Murphy D G, Dimock K, Kang C Y
Department of Microbiology and Immunology, University of Ottawa, Faculty of Medicine, Ontario, Canada.
Virus Res. 1990 Apr;16(1):1-16. doi: 10.1016/0168-1702(90)90039-e.
Two lines of LLC-MK2 cells persistently infected with human parainfluenza virus 3 (HPIV-3) have been maintained in culture for approximately 3 years. Subgenomic RNAs (putative defective interfering particle genomes) were detected in virions released from both persistently infected cultures. In one of the persistently infected cell lines cyclic variation in the production of virions containing standard virus genomic-size (50S) RNA and subgenomic RNA was observed. The molar ratio of subgenomic RNA to 50S RNA ranged from less than 0.1/1 to 8.7/1. Northern blot analyses revealed that the patterns of viral mRNA synthesis in persistently infected cells from both cultures were similar to those of standard virus infected cells. Furthermore, the intracellular viral-specific proteins had electrophoretic mobilities similar to the corresponding proteins in standard virus-infected cells. Nucleotide sequence analysis of cloned M gene from virus after 29 months of persistence (147 passages) revealed only one variable conservative amino acid change in two clones analyzed from each cell line, indicating that the M protein is not likely to be involved in the maintenance of the persistent infections. The possible mechanisms by which the persistent state is maintained are discussed.

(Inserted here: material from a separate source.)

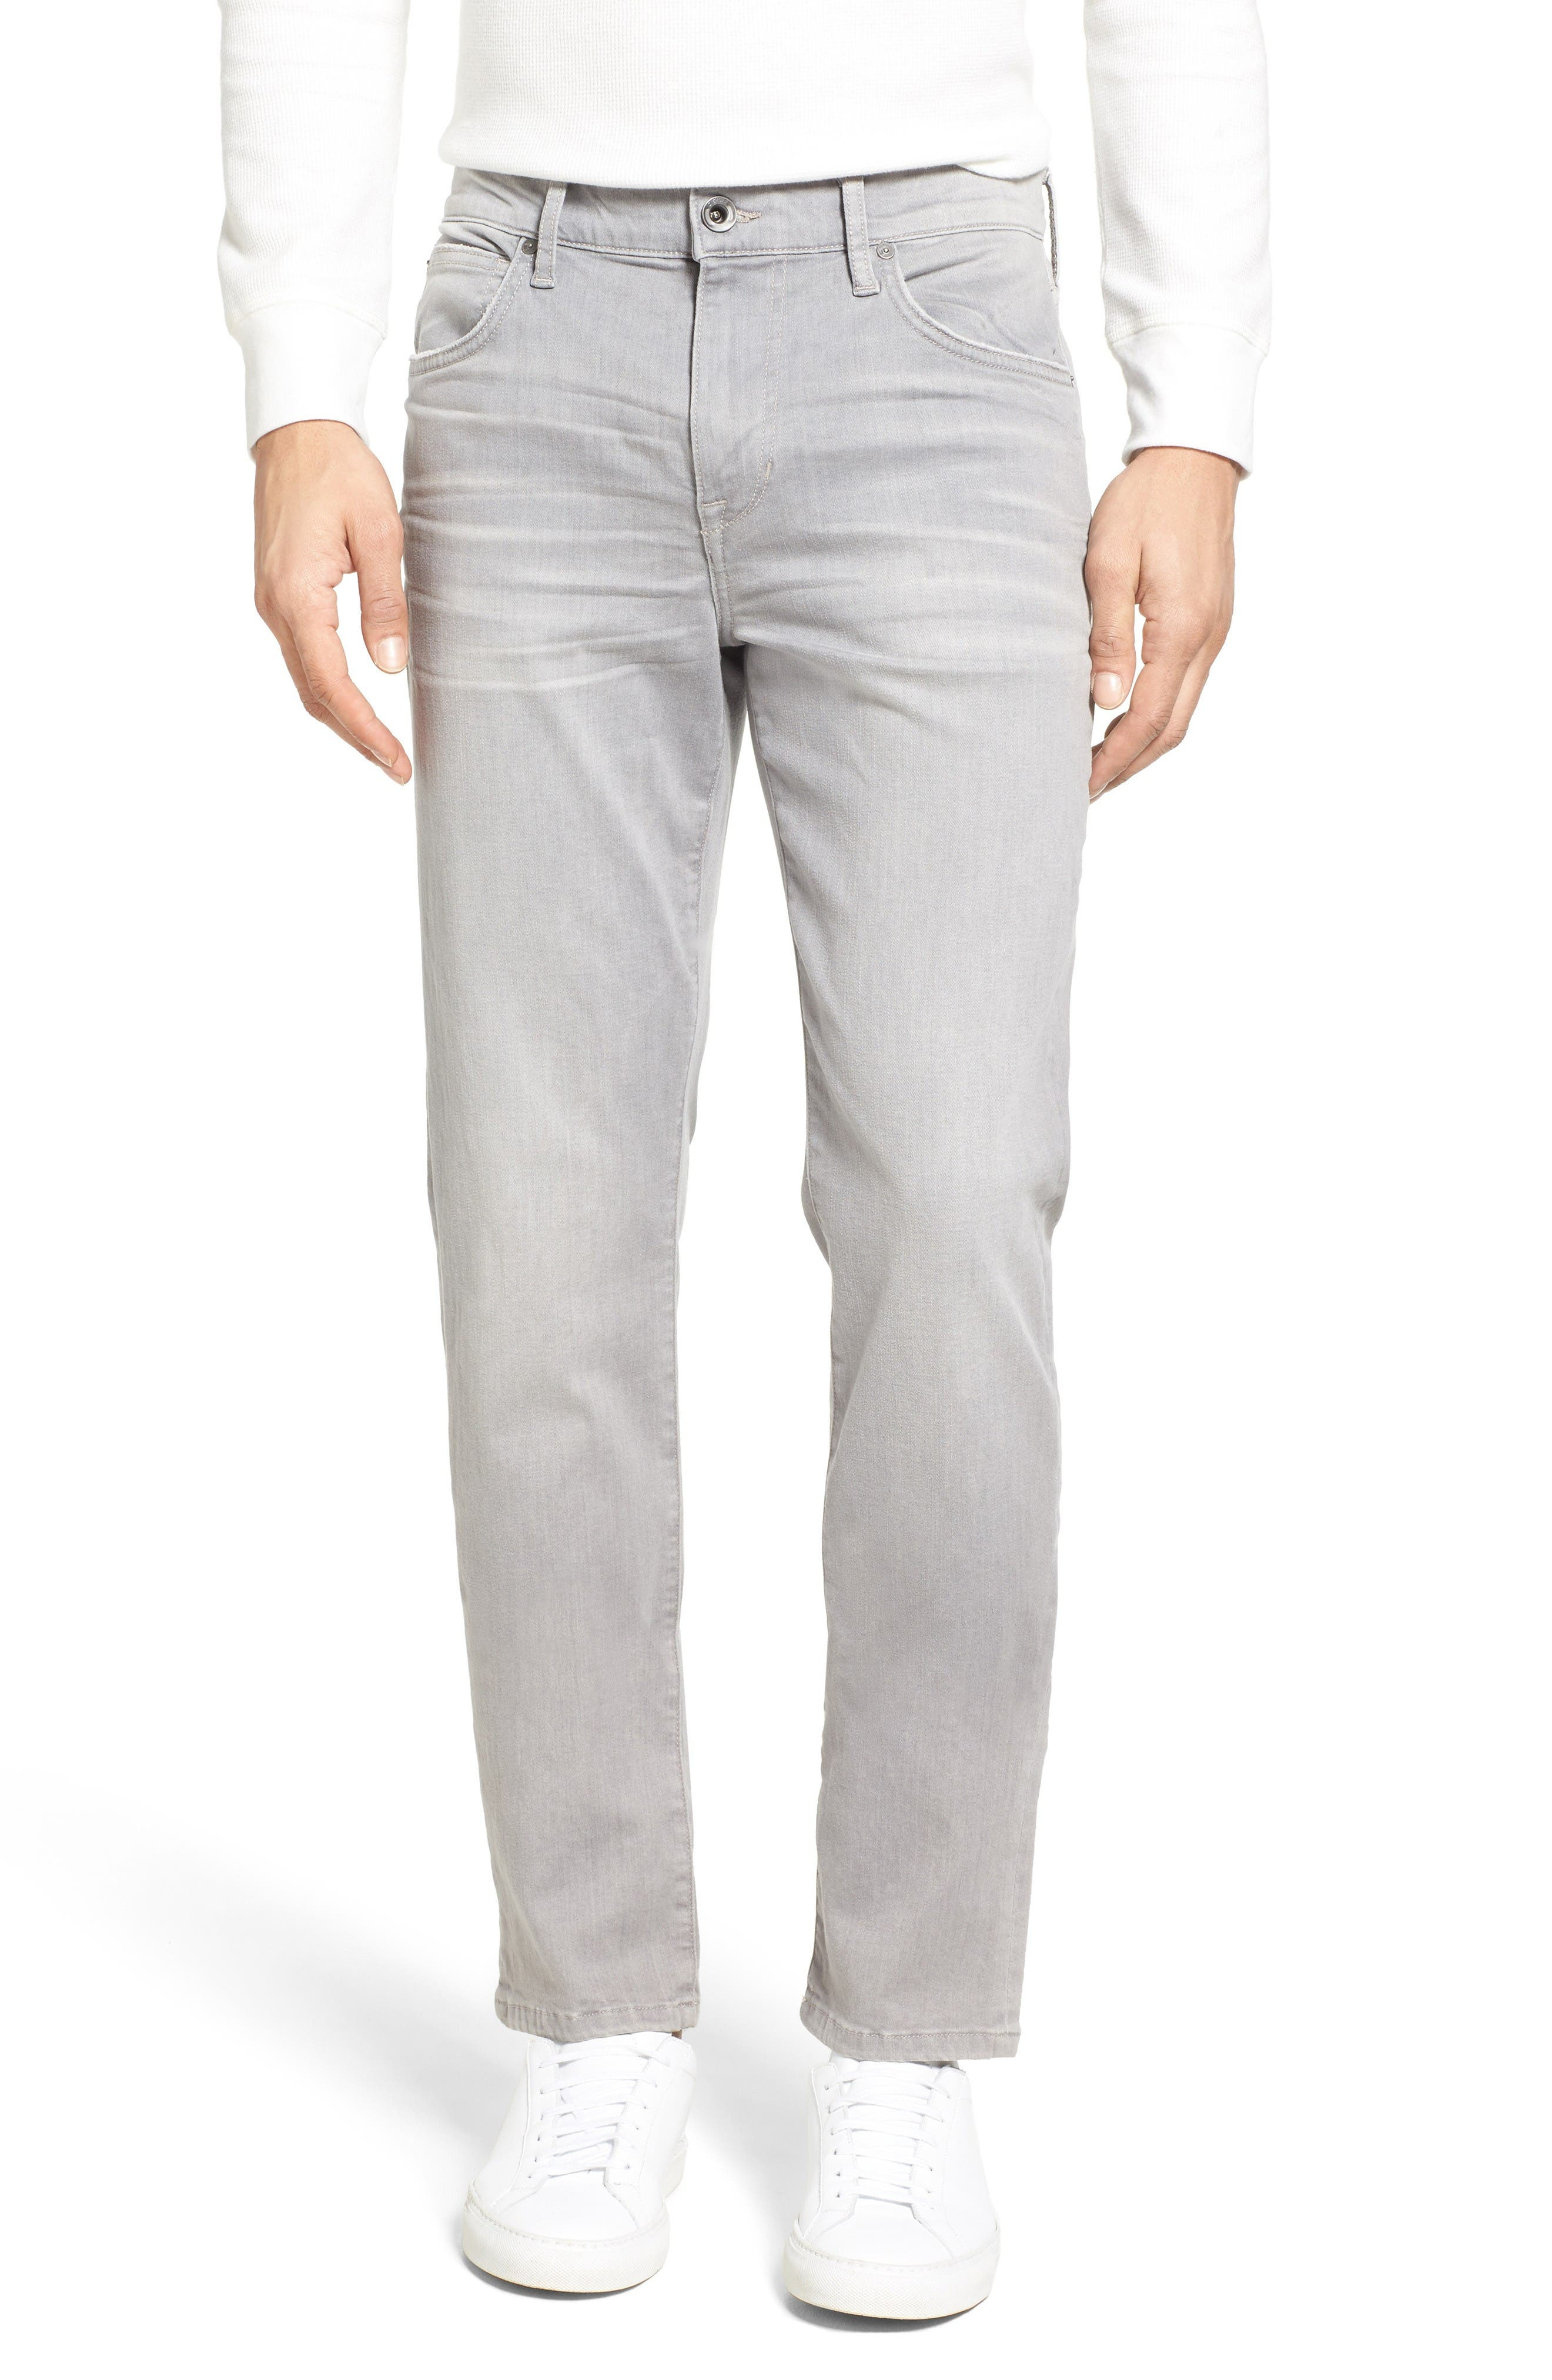 Main Image - Joe's Slim Fit Jeans (Wolfe)

两株持续感染人副流感病毒3型(HPIV - 3)的LLC - MK2细胞系已在培养中维持了约3年。在从这两种持续感染培养物中释放的病毒粒子中检测到亚基因组RNA(推测为缺陷干扰颗粒基因组)。在其中一株持续感染的细胞系中,观察到含有标准病毒基因组大小(50S)RNA和亚基因组RNA的病毒粒子产生的周期性变化。亚基因组RNA与50S RNA的摩尔比范围从小于0.1/1到8.7/1。Northern印迹分析表明,两种培养物中持续感染细胞中的病毒mRNA合成模式与标准病毒感染细胞的相似。此外,细胞内病毒特异性蛋白的电泳迁移率与标准病毒感染细胞中的相应蛋白相似。对持续29个月(147代)后的病毒克隆M基因进行核苷酸序列分析,结果显示从每个细胞系分析的两个克隆中仅发现一个可变的保守氨基酸变化,这表明M蛋白不太可能参与维持持续感染。文中讨论了维持持续状态的可能机制。